I have an array of vectors that I want to be stored in Block RAM on a Virtex-5 using ISE 13.4. It is 32Kb which should fit in 1 BRAM but it is all being stored in logic. My system uses an AMBA APB bus so I check for a select line and an enable line. Please help me understand why this code isn't inferring a BRAM. Note: this is a dummy example which is simpler to understand and should help me with my other code.
architecture Behavioral of top is
type memory_array is array (63 downto 0) of std_logic_vector(31 downto 0);
signal memory : memory_array;
attribute ram_style: string;
attribute ram_style of memory : signal is "block";
begin
process(Clk)
begin
if(rising_edge(Clk)) then
if(Sel and Wr_en and Enable) = '1' then
memory(to_integer(Paddr(5 downto 0))) <= Data_in;
elsif(Sel and not Wr_en and Enable) = '1' then
Data_out <= memory(to_integer(Paddr(5 downto 0)));
end if;
end if;
end process;
end Behavioral;
I declare the ram_style of the array as block but the XST report says: WARNING:Xst:3211 - Cannot use block RAM resources for signal <Mram_memory>. Please check that the RAM contents is read synchronously.
It appears that the problem lies in a read_enable condition, but the Virtex 5 User Guide makes it sound like there is an enable and a write_enable on the BRAM hard blocks. I could drive the output all the time, but I don't want to and that would waste power. Any other ideas?

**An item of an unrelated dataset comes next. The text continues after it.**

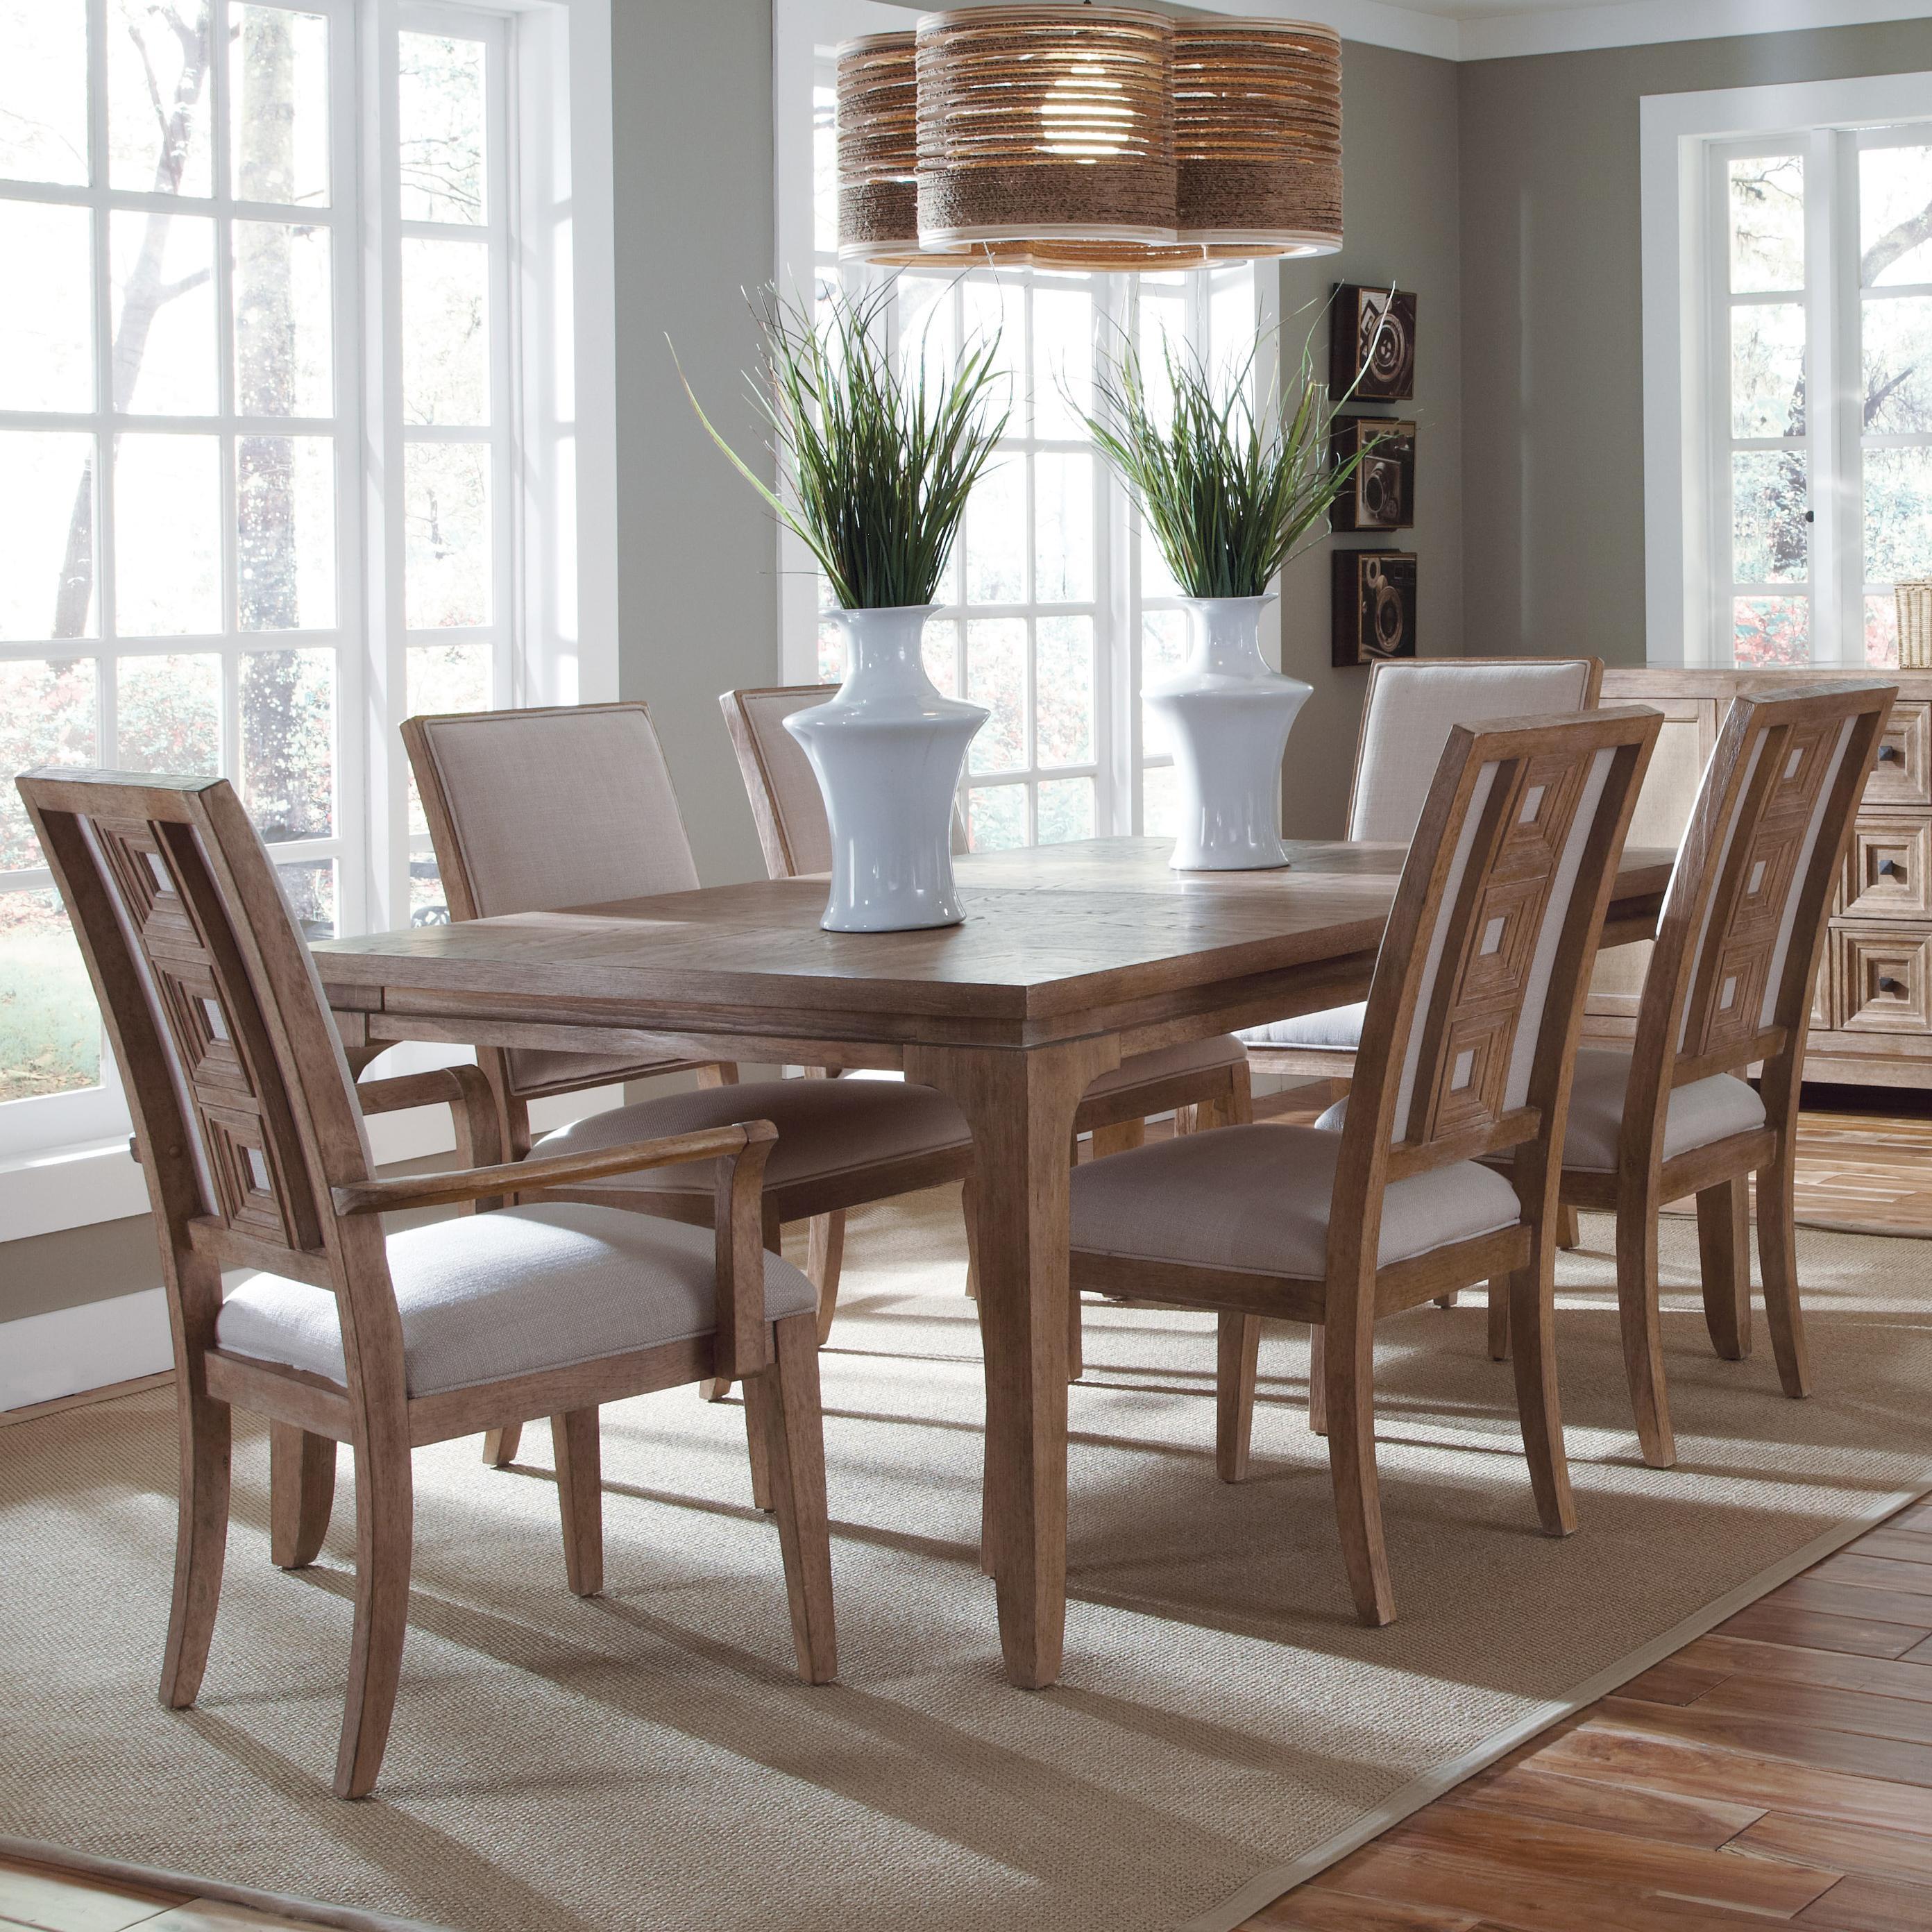 Belfort Signature Madera Leg Dining Table Set - Item Number: 192220-2303+2x192203+4x192202

I tried many different combinations and here is the only one I got to work:
en_BRAM <= Sel and Enable;
process(Clk)
begin
if(rising_edge(Clk)) then
if(en_BRAM = '1')then
if(Wr_en = '1') then
icap_memory(to_integer(Paddr(5 downto 0))) <= Data_in;
else
Data_out <= icap_memory(to_integer(Paddr(5 downto 0)));
end if;
end if;
end if;
end process;
So I think the enable needs to be on the whole RAM and it can only be 1 signal. Then the write enable can also only be 1 signal and the read has to be only an else statement (not if/elsif). This instantiates a BRAM according to XST in ISE 13.3 on Windows 7 64-bit.